Problem to work on - An exact copy of the data is needed, but without any of its images.

Data shown -
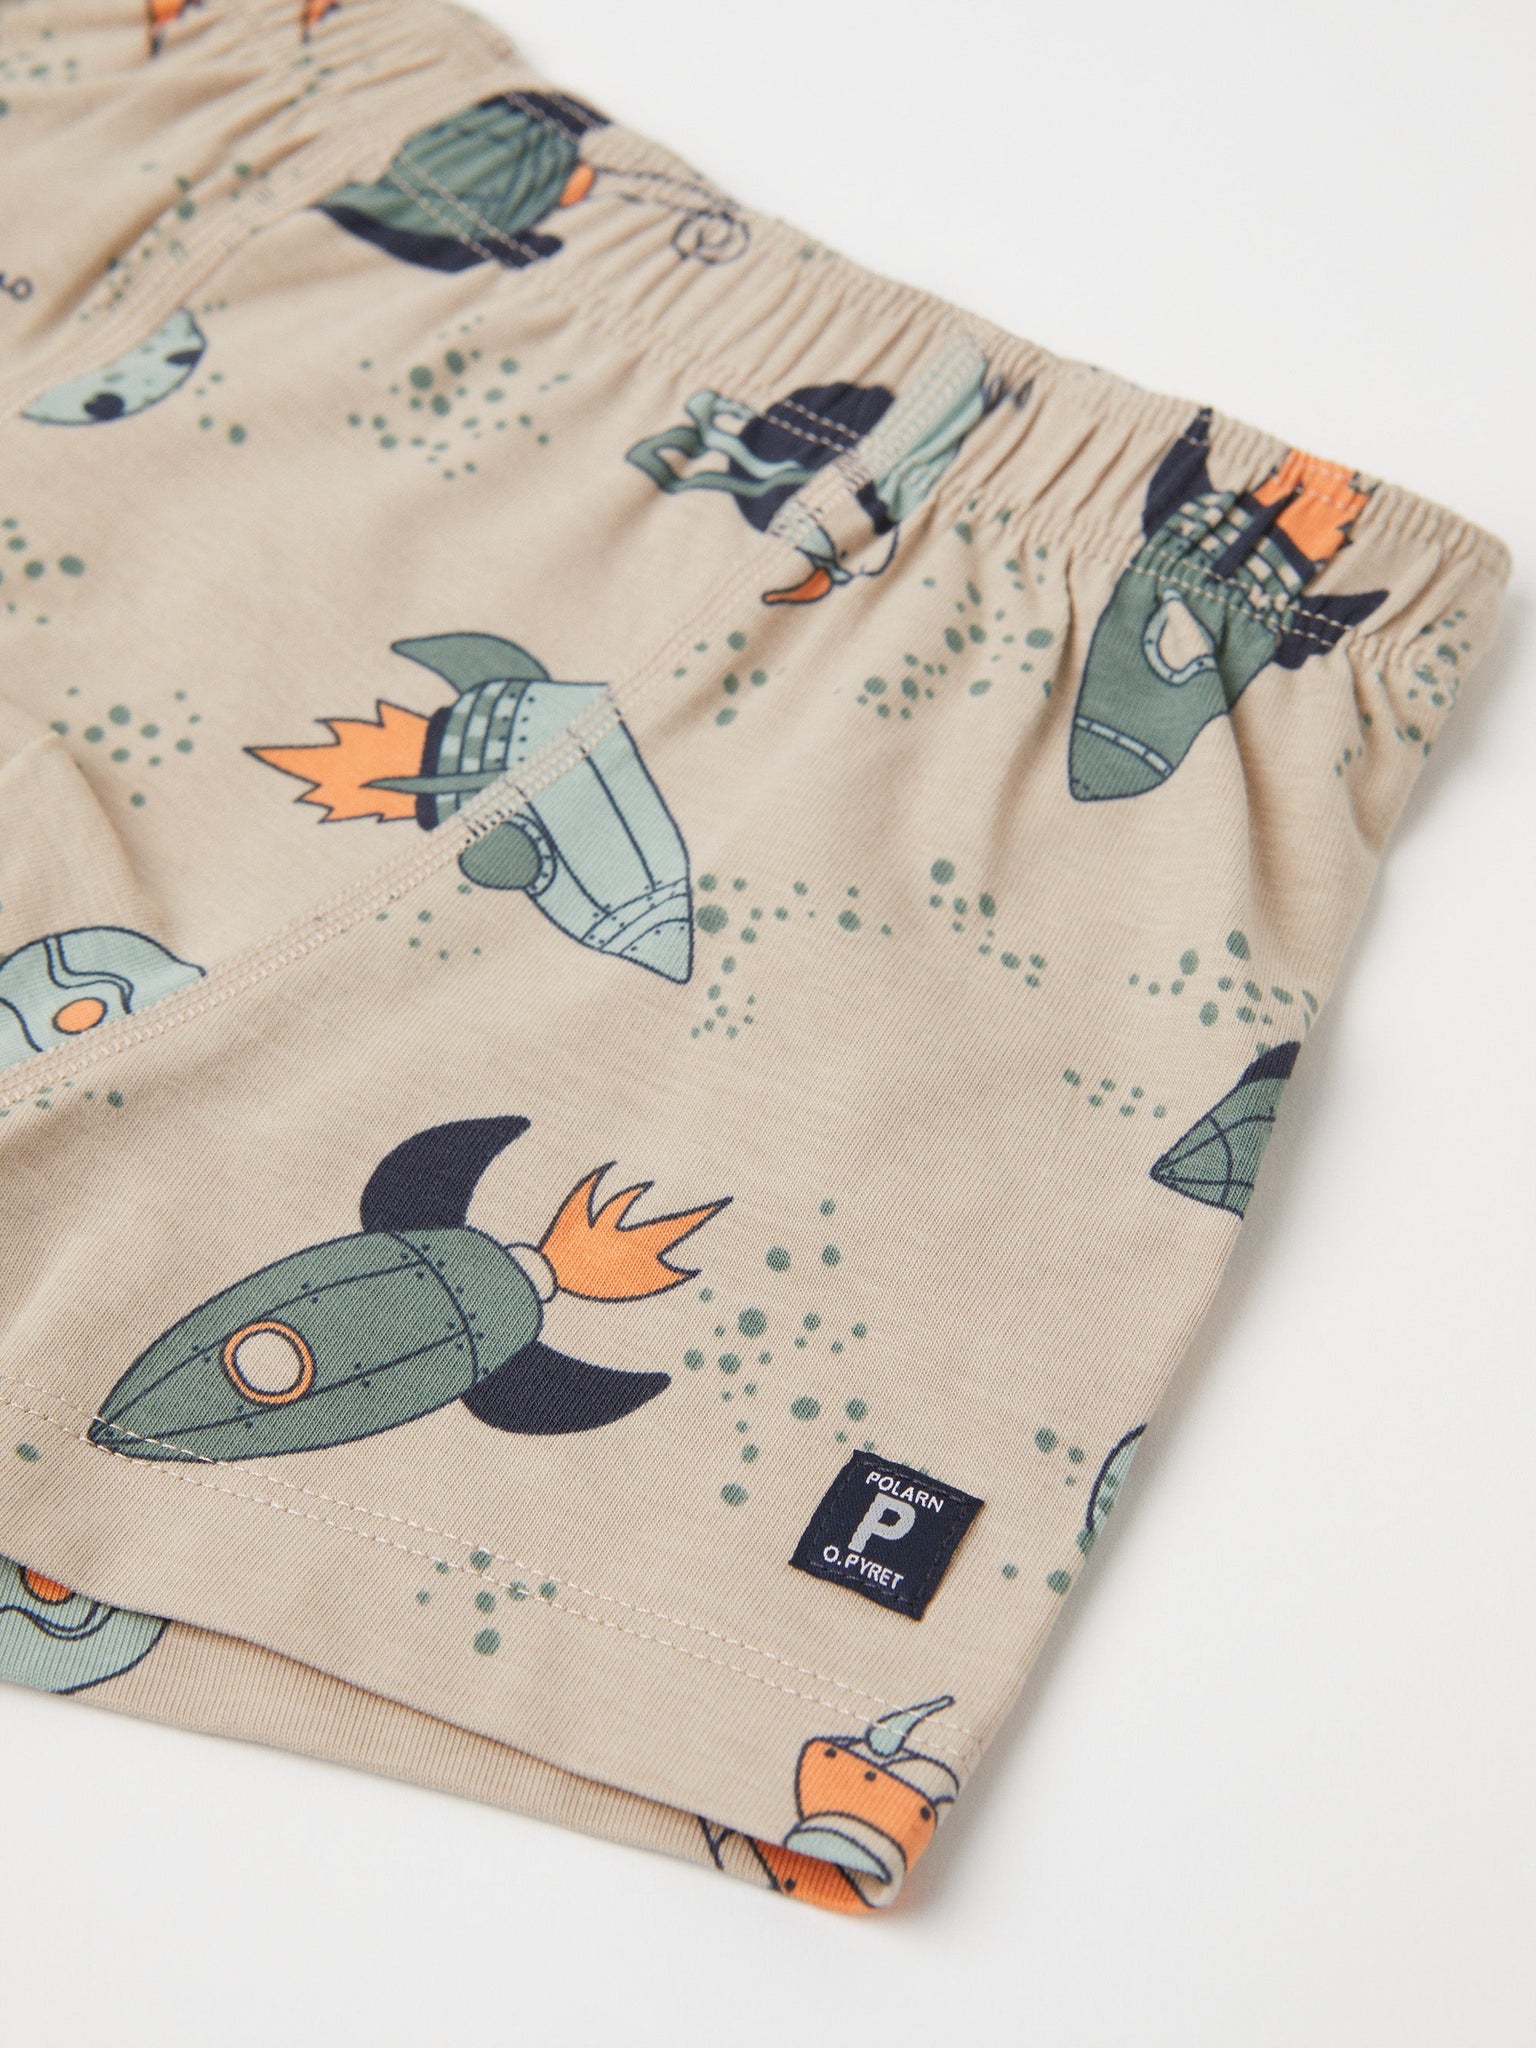 Organic Cotton Boys Boxer Shorts from the Polarn O. Pyret kidswear collection. Clothes made using sustainably sourced materials.
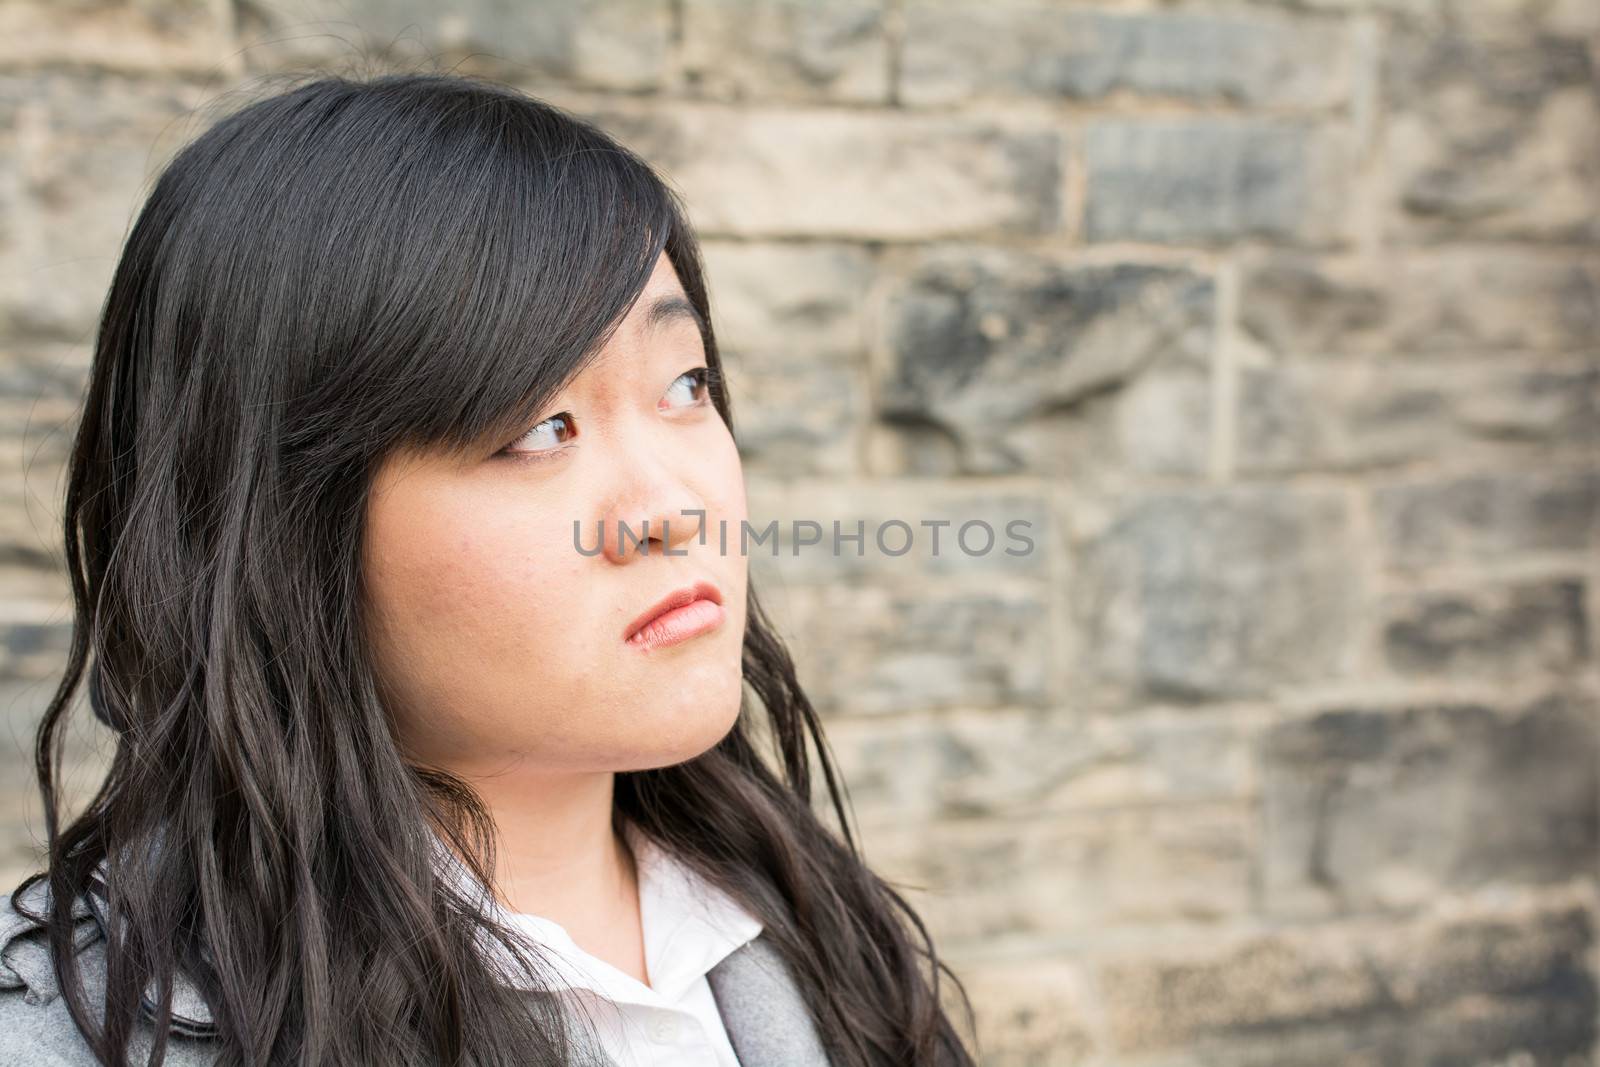 Portrait of young girl in front of a stone wall looking upset and looking away
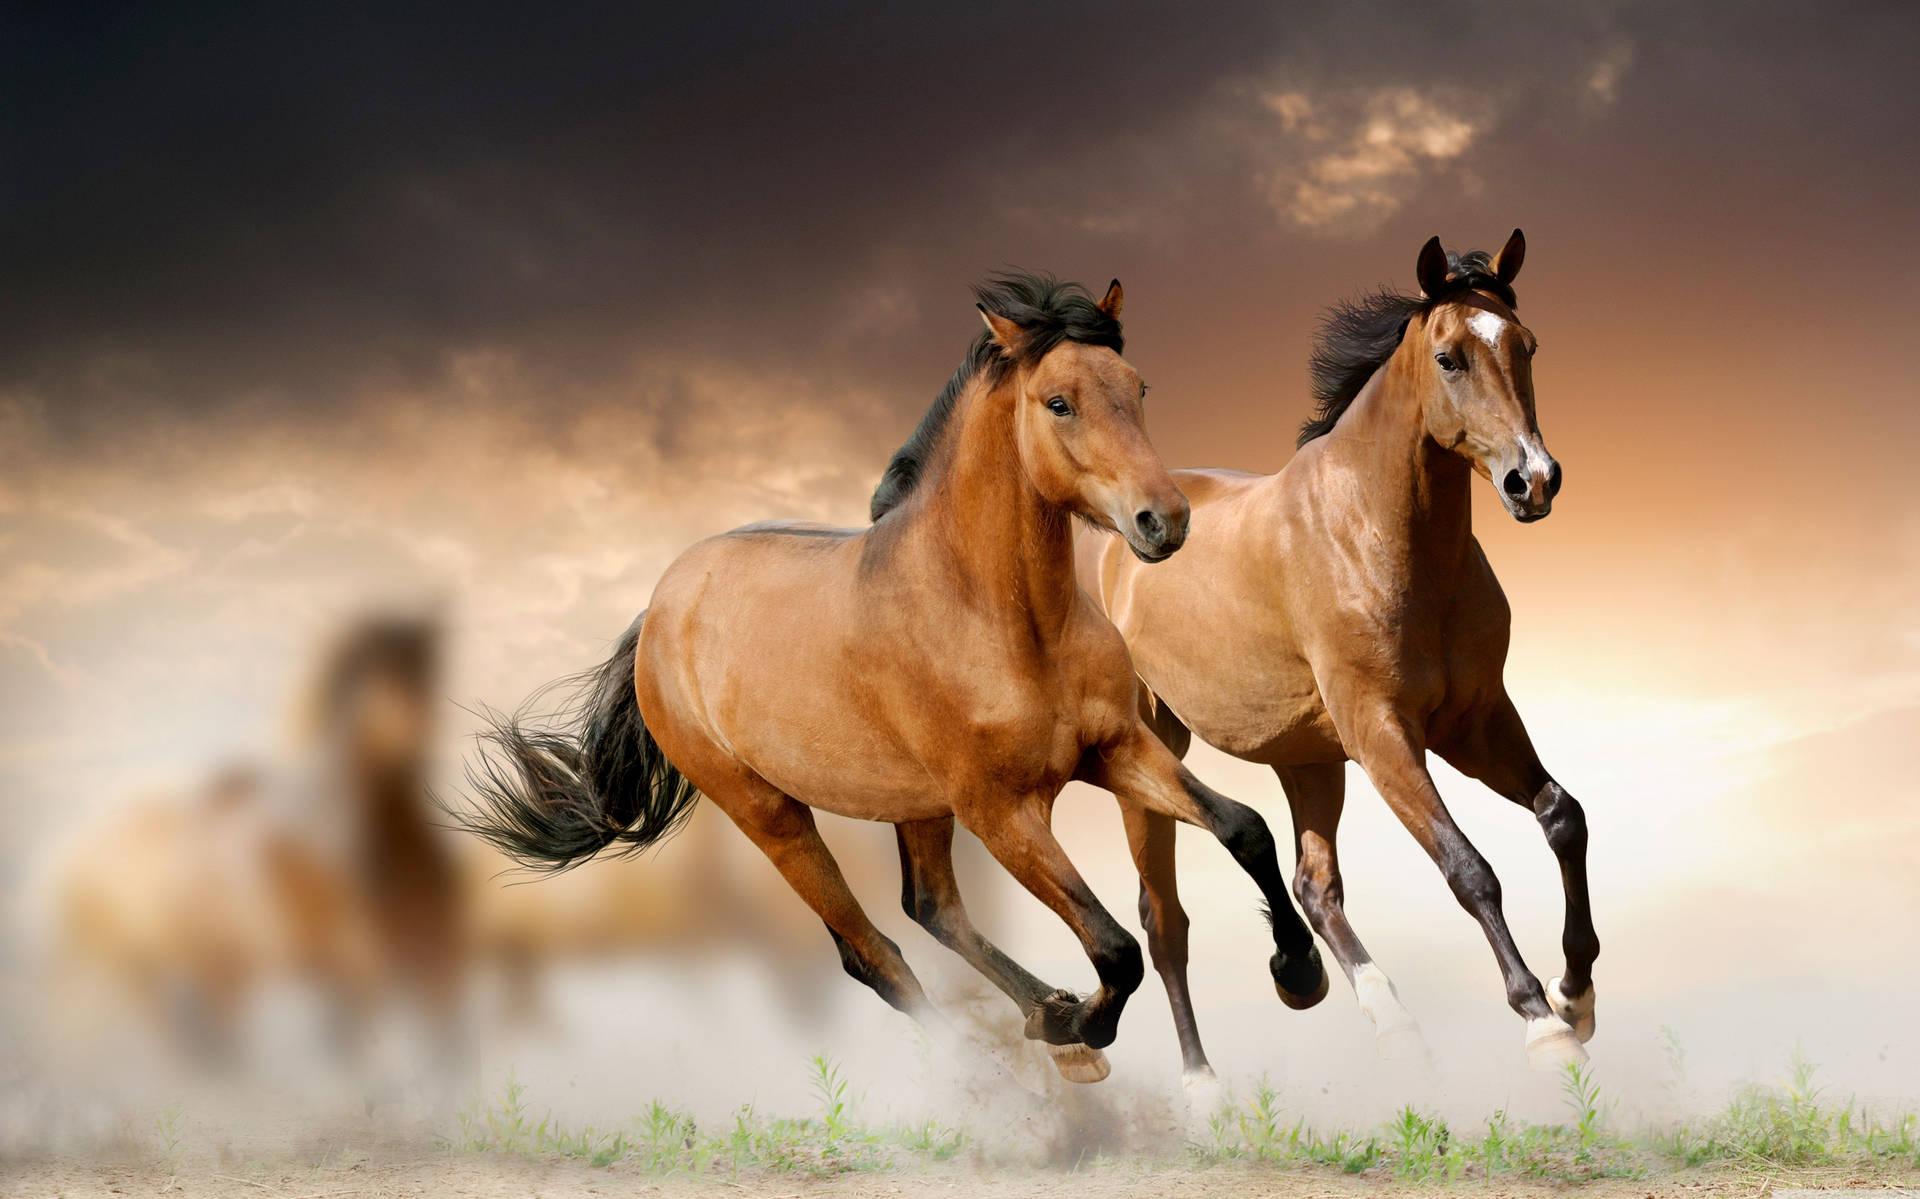 156 Horse Wallpapers Backgrounds For FREE
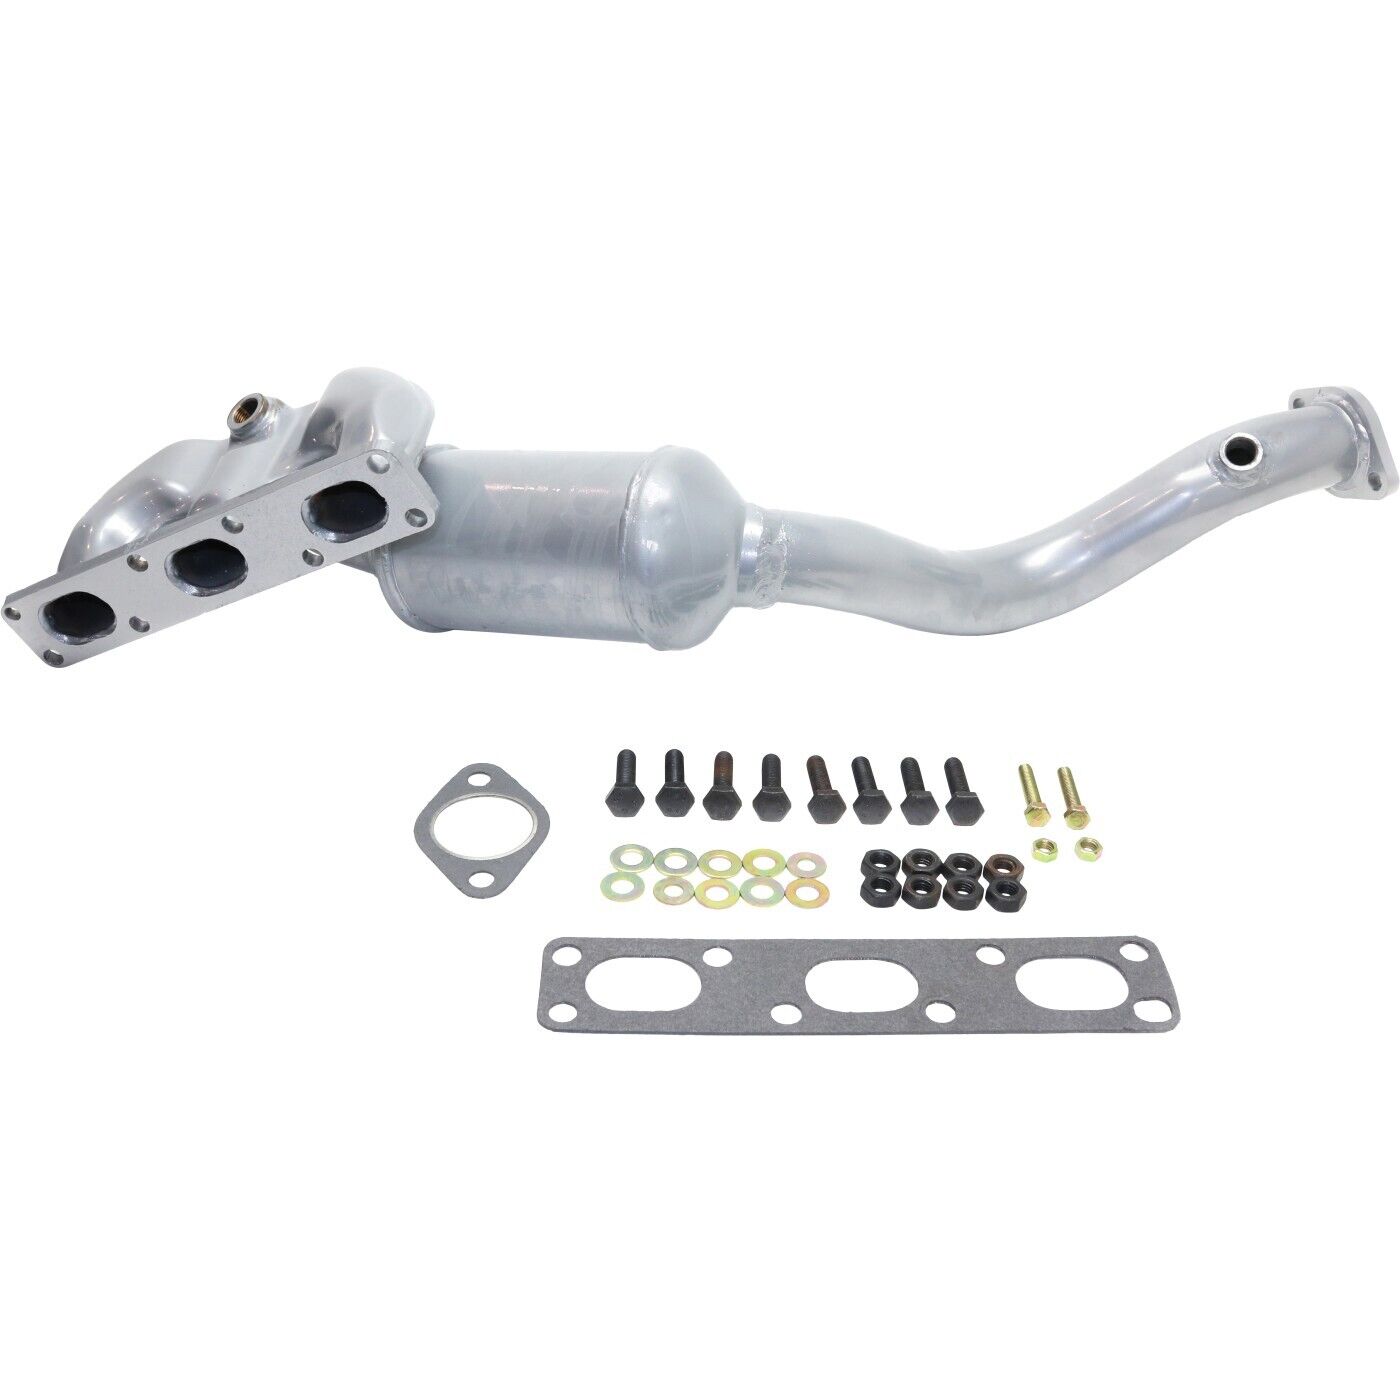 Catalytic Converter 46-State Legal Front For 2001-05 BMW 325i 335Xi 01-06 325Ci

Finished exercise -
 Organic Cotton Boys Boxer Shorts from the Polarn O. Pyret kidswear collection. Clothes made using sustainably sourced materials.
 Portrait of young girl in front of a stone wall looking upset and looking away
 156 Horse Wallpapers Backgrounds For FREE
 Catalytic Converter 46-State Legal Front For 2001-05 BMW 325i 335Xi 01-06 325Ci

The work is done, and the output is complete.